Просто удивительно, какой положительный смысл мы вкладываем в глагол «очеловечивать»! «Делать более уступчивым, более сговорчивым, легко поддающимся обработке и знакомым» – вот как это слово интерпретировалось в XVII веке, что возвращает нас к более ранней концепции человека как Божьего надсмотрщика над всей остальной природой. Вот почему мы такое большое значение придаем способности разных птиц и зверей быть управляемыми. Как же иначе смог бы один из наиболее обособленных и агрессивных видов птиц («никогда два кролика не живут под одним кустом») стать несопоставимо популярнее всех прочих и самым сентиментальным образом воспеваться в европейском фольклоре? Беда, ясное дело, заключается в том, что человек продолжает играть не просто роль управляющего природой, а скорее роль нацистского штурмовика или рабовладельца и соответствующим образом относится ко всей той обширнейшей части природы, которая не желает подвергаться пресловутому «очеловечиванию» или служить для человека «скатертью-самобранкой».

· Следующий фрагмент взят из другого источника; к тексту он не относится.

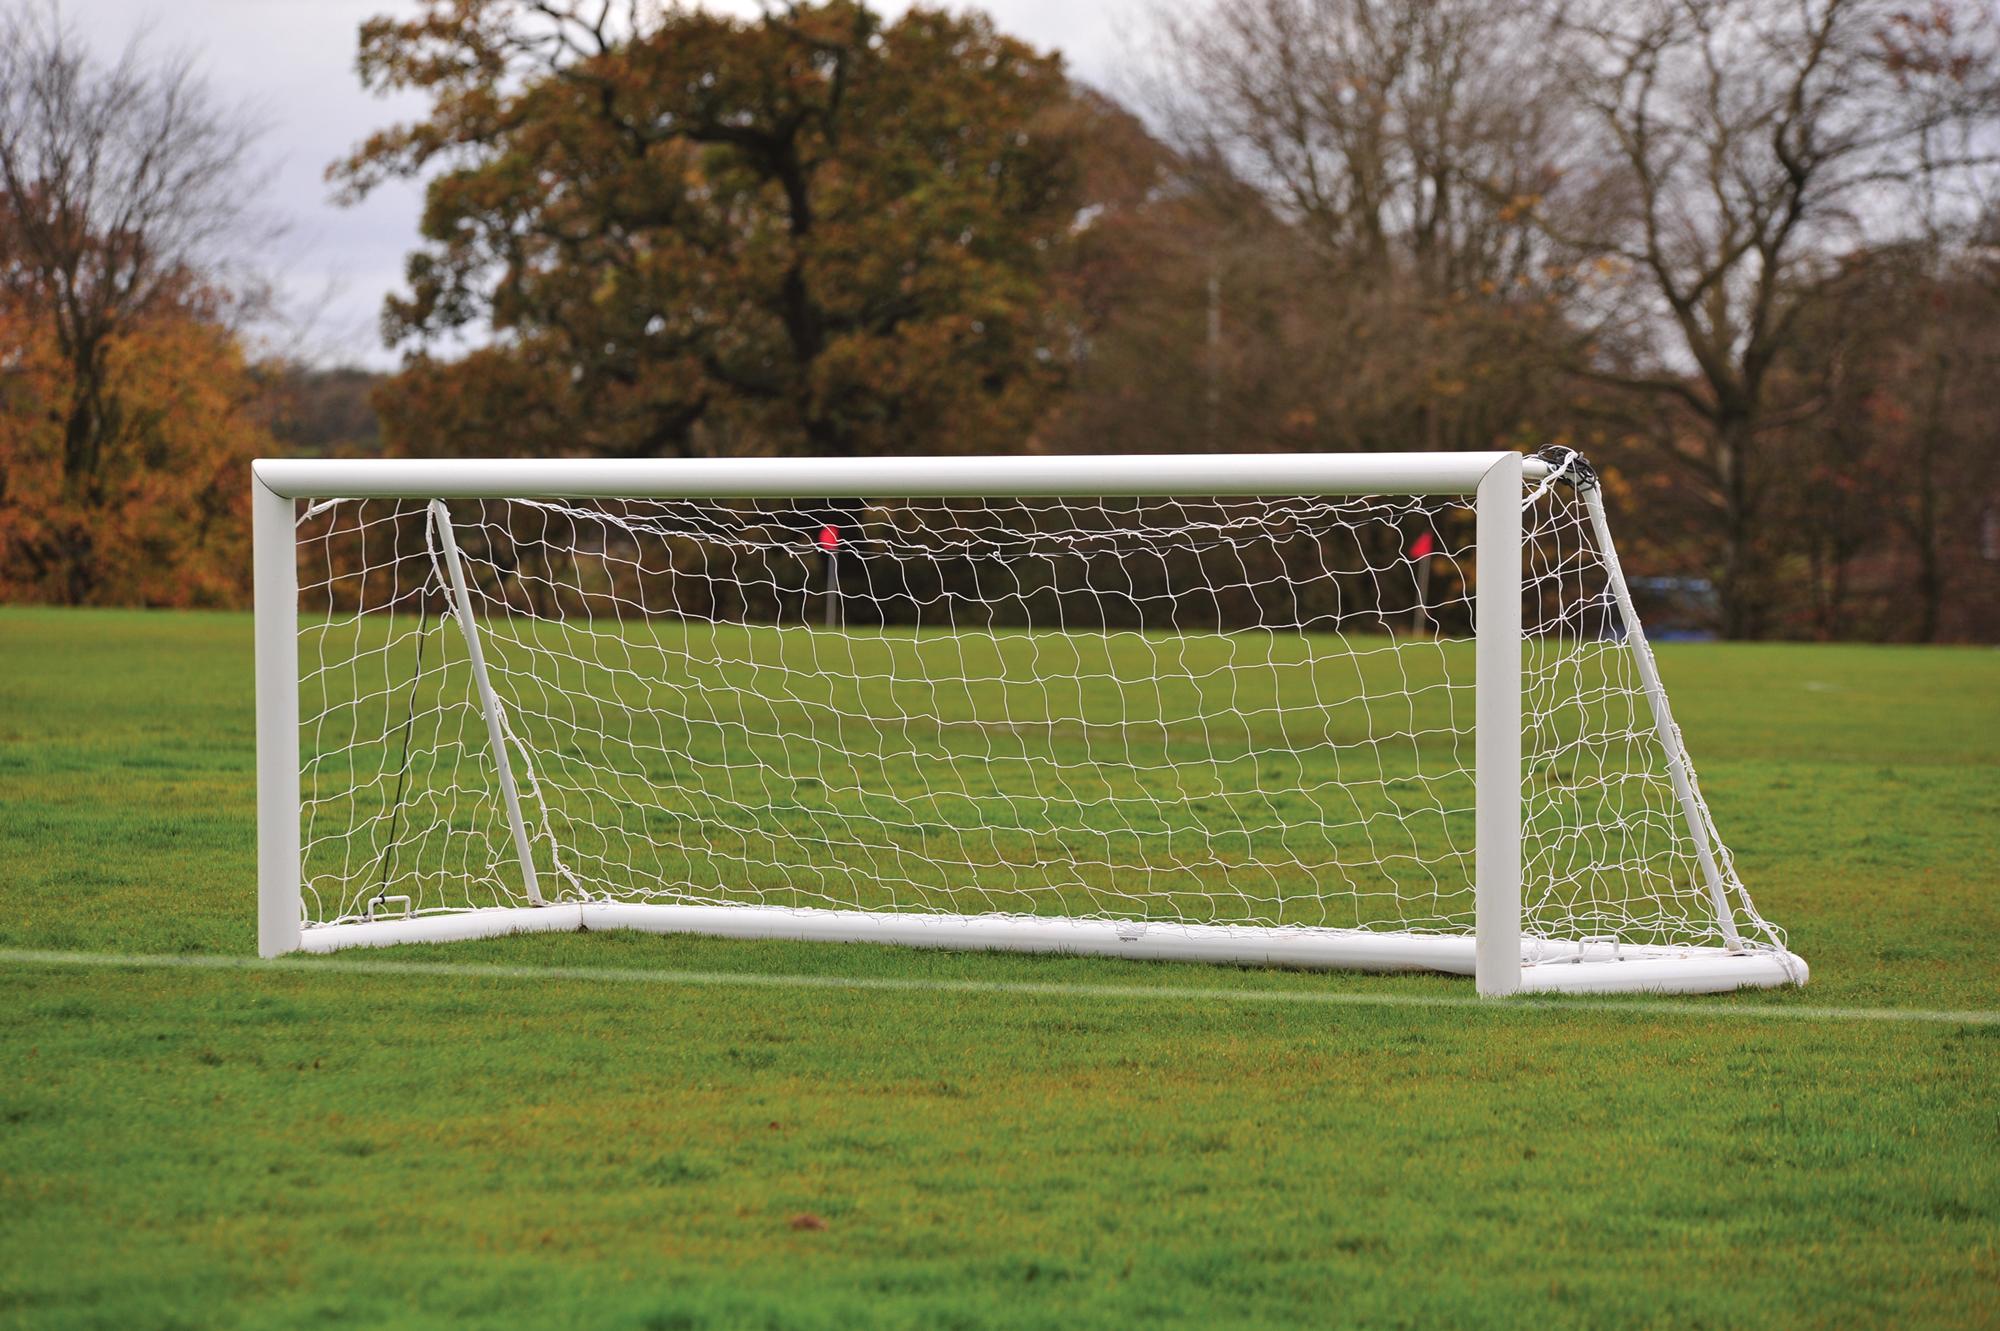 Freestanding Elliptical Aluminium Football Goals Package - 16' x 4'

Единственным достойным предметом для изобразительного искусства во времена Томаса Блаунта был человек и творения человека – города, дома, войны, празднества, боги (впрочем, даже последние должны были подлаживаться под представления человека о себе самом!). Я был просто потрясен всем этим на недавней выставке «Гении Венеции», состоявшейся в Лондоне. Критики-искусствоведы, как и многие мои друзья, похоже, единодушно сочли, что это поистине великолепная выставка. А на меня она произвела весьма печальное впечатление – именно потому, что она так агрессивно ставила человека в центр всего сущего. Я не помню ни одной картины с этой выставки, которая каким-либо особым образом не подчеркивала бы, что пейзаж и природа – это просто parergon, этакий фон, «задник». Многие художники, как в произведениях XVI века, так и в более поздних произведениях, представленных на выставке, даже не задумывались об этой «постылой» составляющей своих живописных полотен, а использовали своих учеников или наемных помощников, чтобы те дорисовали за них эту «неинтересную» часть картины.